# How do you carry a hedgehog?



## triggerfish (Apr 8, 2011)

hi, am a new owner and have an albino, how do you carry an hedgehog?

Sonic (my son names it after the cartoon character!) has been with us almost 2 weeks, eats well and somehow, he enjoys us touching the back of his ears, but when we attempted to carry it, hen 'tensed' up over the next couple of seconds. Gave up after several attempts as we did not wish to stress him too far!


----------



## leopardhedgehog (Nov 18, 2010)

You can pick a hedgehog up by scooping your hands underneath him/her and kind of just holding them and lifting them up as you want.
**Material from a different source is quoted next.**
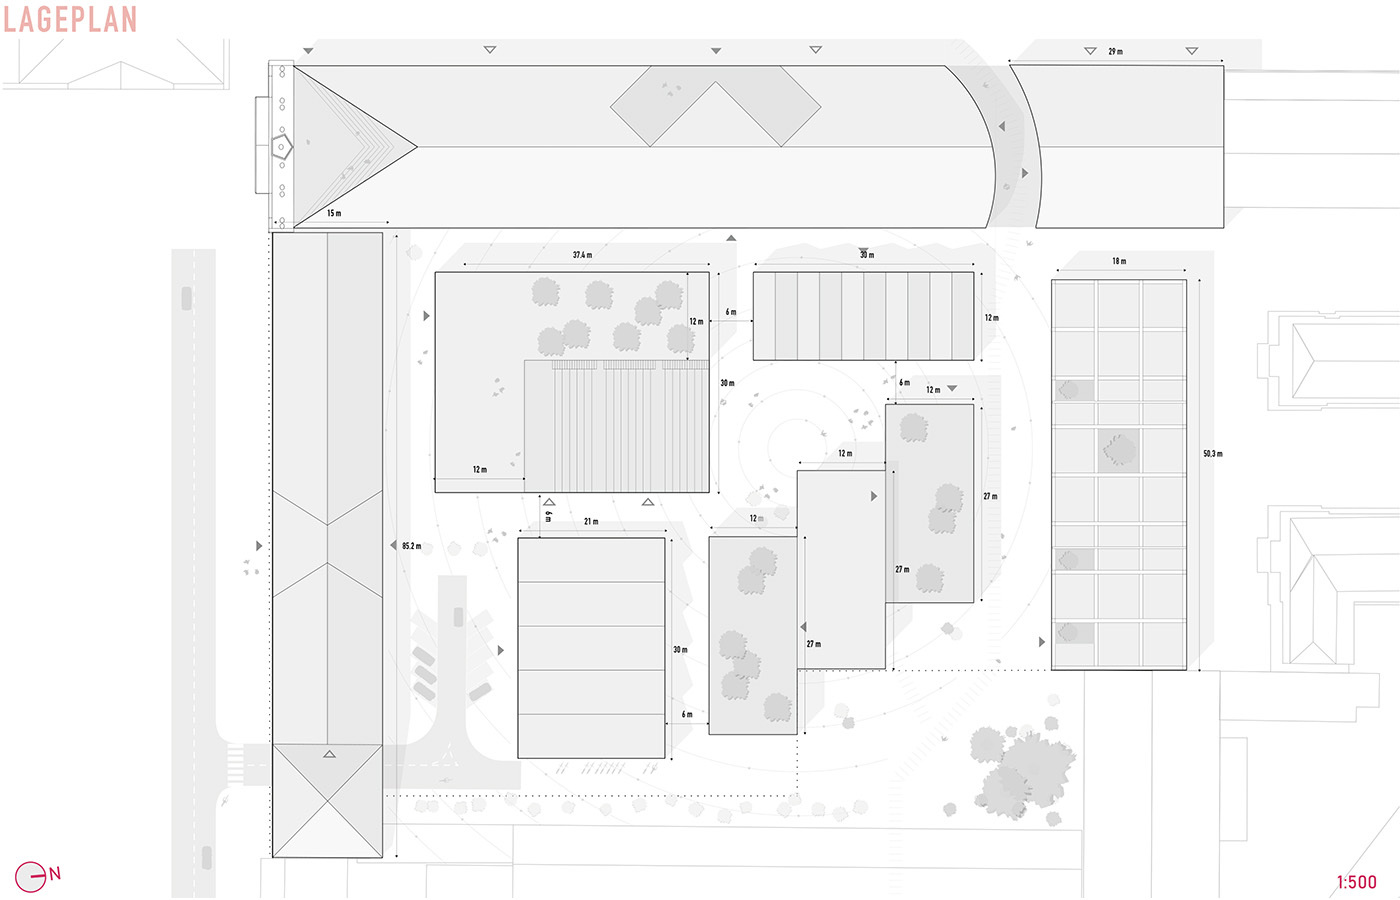 Grafik: Lageplan des Quartiers mit Darstellung der Gebäudekörper und Dachansichten.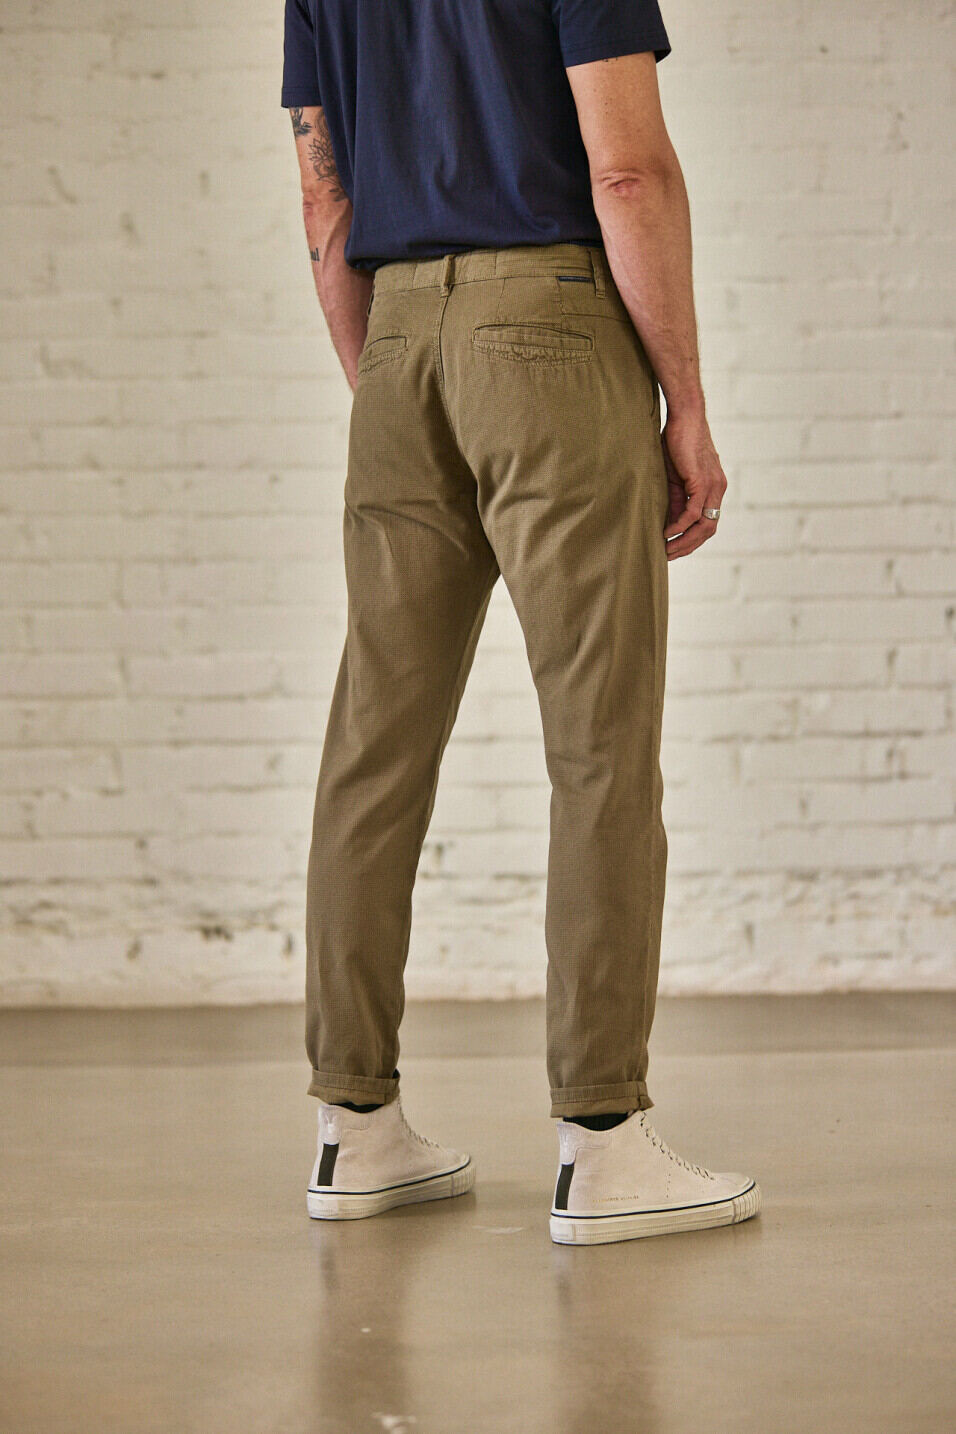 Pantalones chinos Man Bruce Aras Dusky green | Freeman T. Porter

I'm having pathetic difficulty describing this so I'm just going to give you a link to a Youtube video:
http://www.youtube.com/user/AllQuills#p/u/14/e9HV_m8XU7Q


----------



## triggerfish (Apr 8, 2011)

great link! thank you so much!


----------



## leopardhedgehog (Nov 18, 2010)

Anytime  and youtubers QualityQuills and AllQuills have some pretty good videos-AllQuills did the one I posted the link to.
What did Sonic think of being picked up? I'm curious


----------



## triggerfish (Apr 8, 2011)

Sonic is still sleeping and shall update later this evening. thanks


----------



## Judi (Jul 9, 2009)

He'll probably still ball up a little bit when you pick him up, even sliding your hands underneath him...but he'll get used to being picked up eventually. Just keep your hands flat when you pick him up, it hurts if they ball up and you've got your finger in the middle of the quills.


----------



## HodgepodgeHedgehog (Apr 3, 2011)

Judi said:


> He'll probably still ball up a little bit when you pick him up, even sliding your hands underneath him...but he'll get used to being picked up eventually. Just keep your hands flat when you pick him up, it hurts if they ball up and you've got your finger in the middle of the quills.


haha :lol: ...yeah, i tried that once and got my thumb stuck  ... :idea: then i realized that he balls up when i turn him on his back, but if i turn him on his stomach into the other palm, he uncurls right away


----------



## triggerfish (Apr 8, 2011)

thanks to all who provides prompt responses and encouragements, shall update again


----------